Pare che la severità di queste norme e regolamenti sia stata una conseguenza della degradazione della produzione e della disciplina in molte imprese dell’abbigliamento tessile. Il 15 giugno 1937, il contabile della Casa Mallafré CNT-UGT fece una relazione sui laboratori di abbigliamento. Nelle sue conclusioni, l’amministrazione della collettività era integra ed irreprensibile, ma «la parte più delicata del problema» restava la produzione, dato che «nella produzione risiede il segreto del fallimento o del successo industriale e commerciale». Se il rendimento dei laboratori si fosse mantenuto a quei livelli estremamente bassi, ammoniva, l’impresa — che fosse collettivizzata, o sotto controllo sindacale o socializzata — sarebbe fallita. La produzione attuale non copriva nemmeno le spese settimanali, ed occorreva assolutamente accrescere il rendimento se l’impresa voleva sopravvivere. Un’altra collettività del vestiario CNT-UGT, Artgust, il 9 febbraio 1938 chiedeva consiglio alla CNT e alla UGT circa la sproporzione tra i costi elevati e la scarsa produttività: «Nonostante i nostri incessanti appelli al personale dello stabilimento, non siamo riusciti finora a migliorare il rendimento».

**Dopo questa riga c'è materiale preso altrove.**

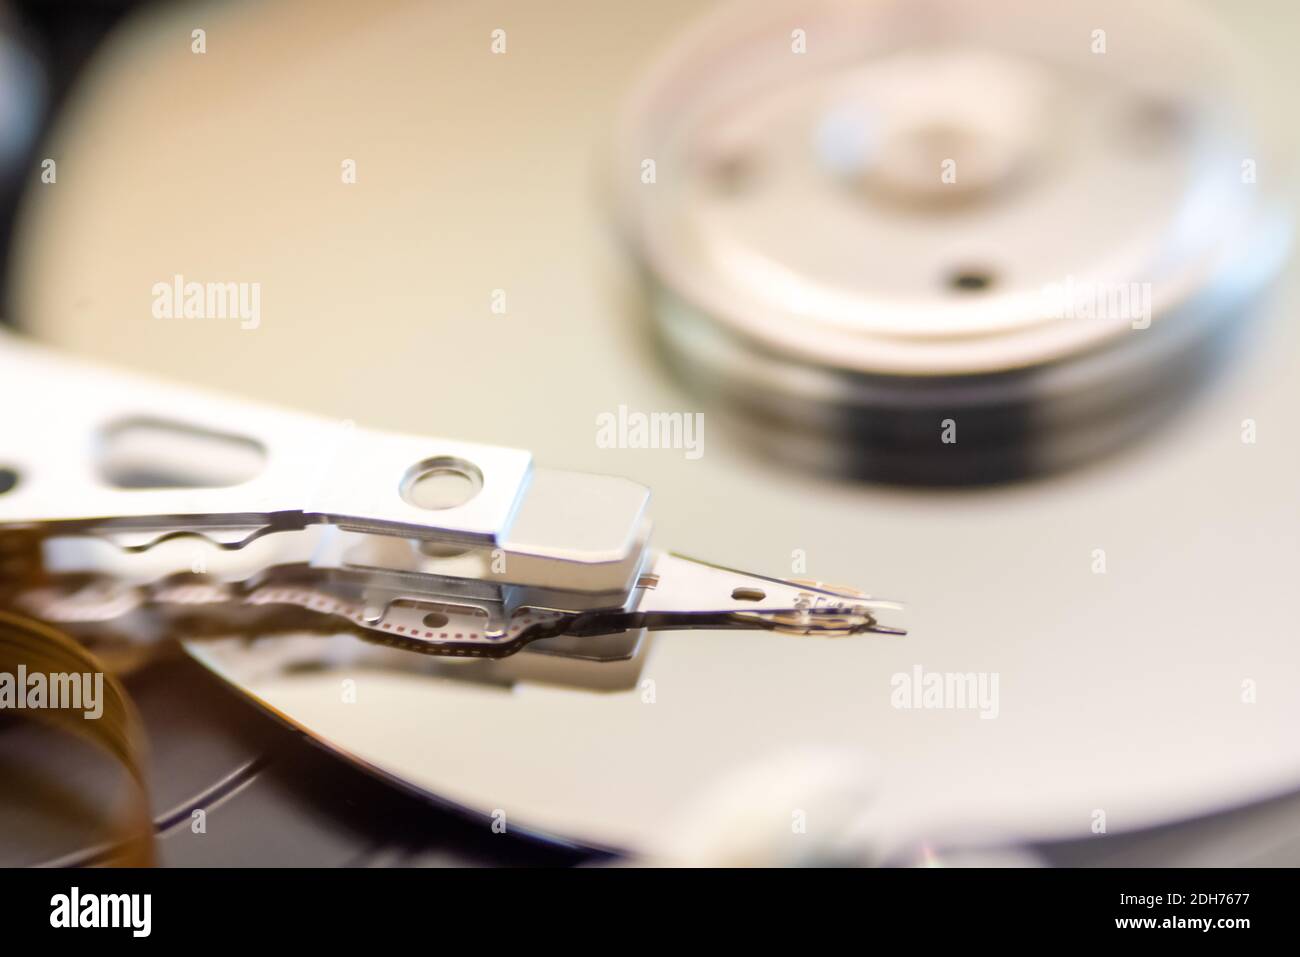 Internal moving parts and electronics of a typical disc hard drive Stock Photo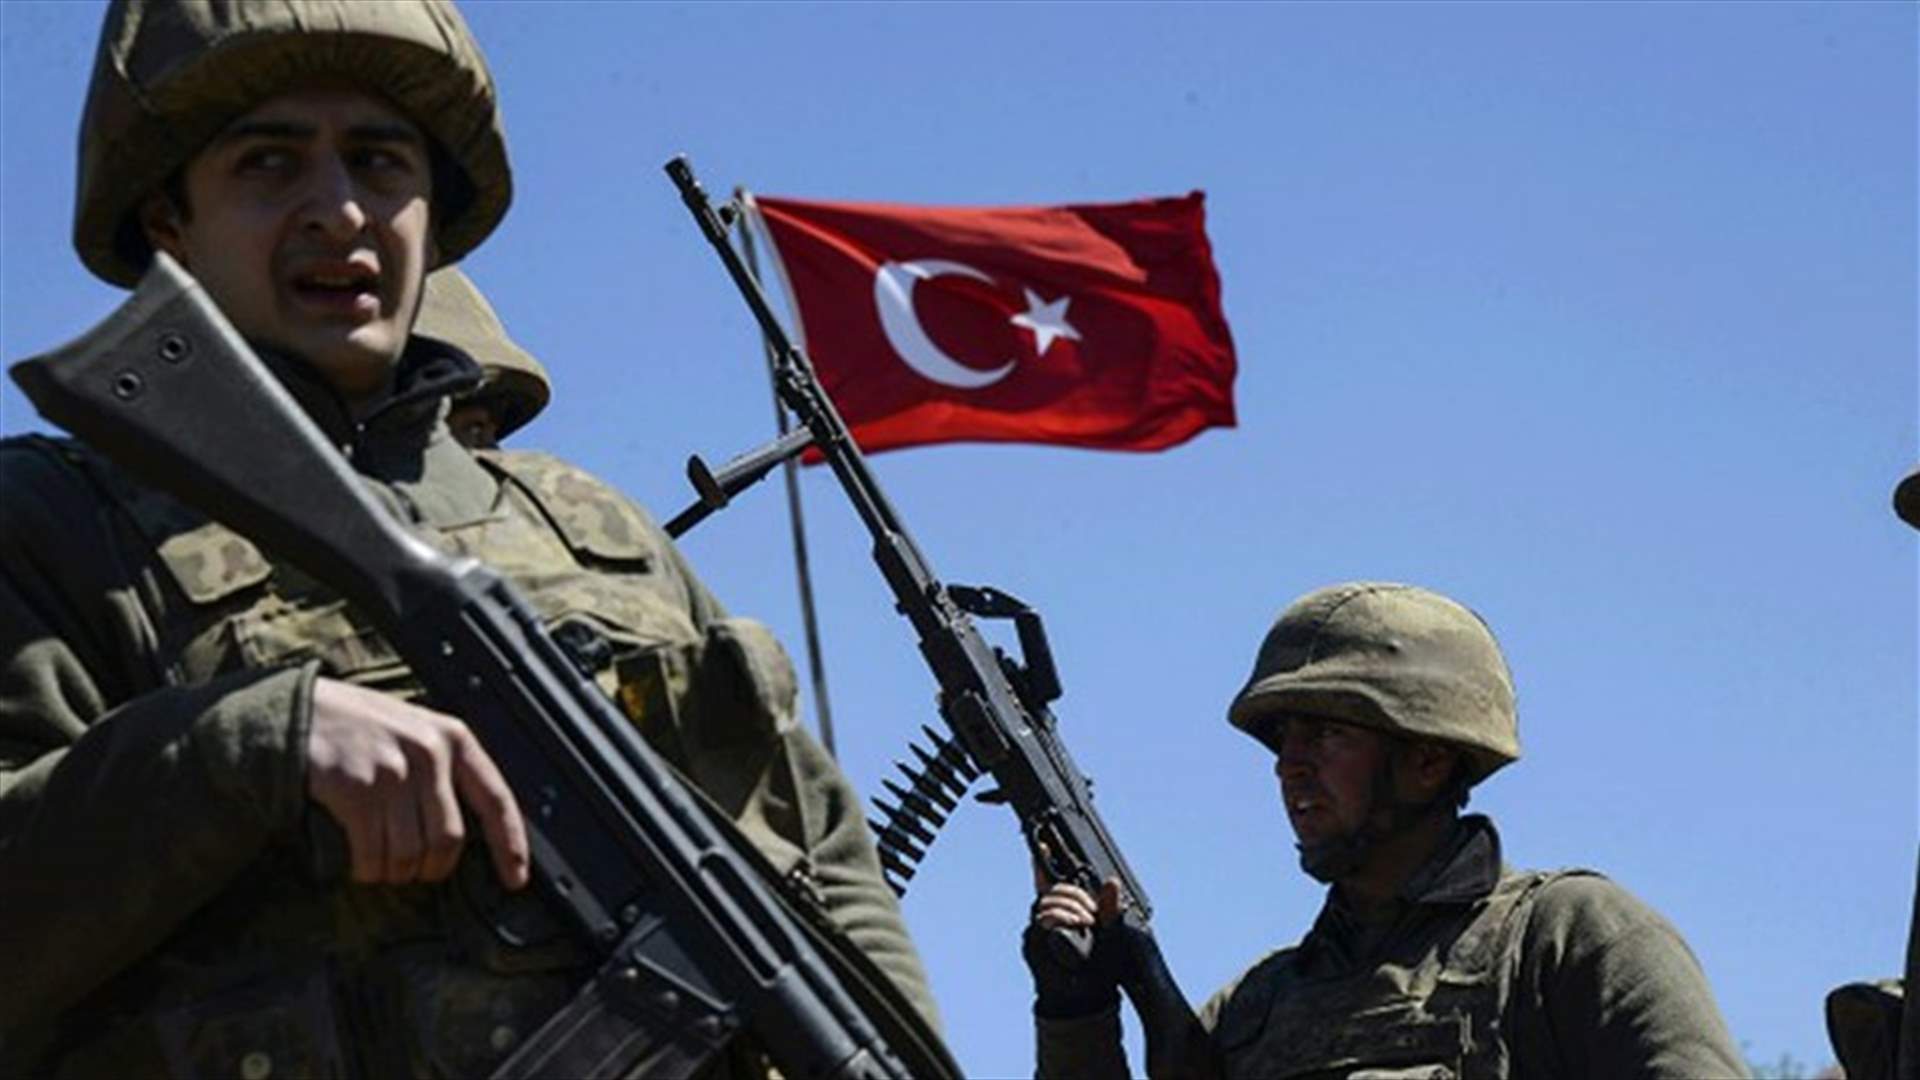 One Turkish soldier killed, 5 lightly wounded in clashes in Syria - military

In molte collettività diversi operai furono licenziati o sospesi. Ad un compagno di un laboratorio da calzolaio CNT fu chiesto di dimettersi a causa della sua bassa produttività. Un sarto scontento, che aveva chiesto di essere trasferito in un altro laboratorio, aggredì fisicamente un collega, insultò il consiglio di fabbrica e minacciò il direttore e un tecnico. Venne sospeso nel giugno 1938. Una militante delle Mujeres Libres, il gruppo di donne della CNT, venne accusata di immoralità, di assenze ingiustificate, e subì pure un simulacro di processo dai suoi compagni, che reclamarono misure disciplinari nei suoi confronti. L’accusa di «immoralità» non era eccezionale durante la rivoluzione spagnola; rivela che i militanti sindacalisti consideravano l’incompetenza o la mancanza di risultati nel lavoro come «immorali», quando non addirittura criminali. Giudicavano con disapprovazione anche le attività non direttamente legate alla produzione. I militanti della CNT cercarono di porre fine all’«immoralità» chiudendo dalle ore 22 i luoghi di divertimento come bar, sale da concerto e da ballo. Si parlò di riformare le prostitute attraverso la terapia del lavoro, e di eliminare la prostituzione come già accaduto in Unione Sovietica. Bisognava rimandare a dopo la rivoluzione i rapporti sessuali e il desiderio di avere figli.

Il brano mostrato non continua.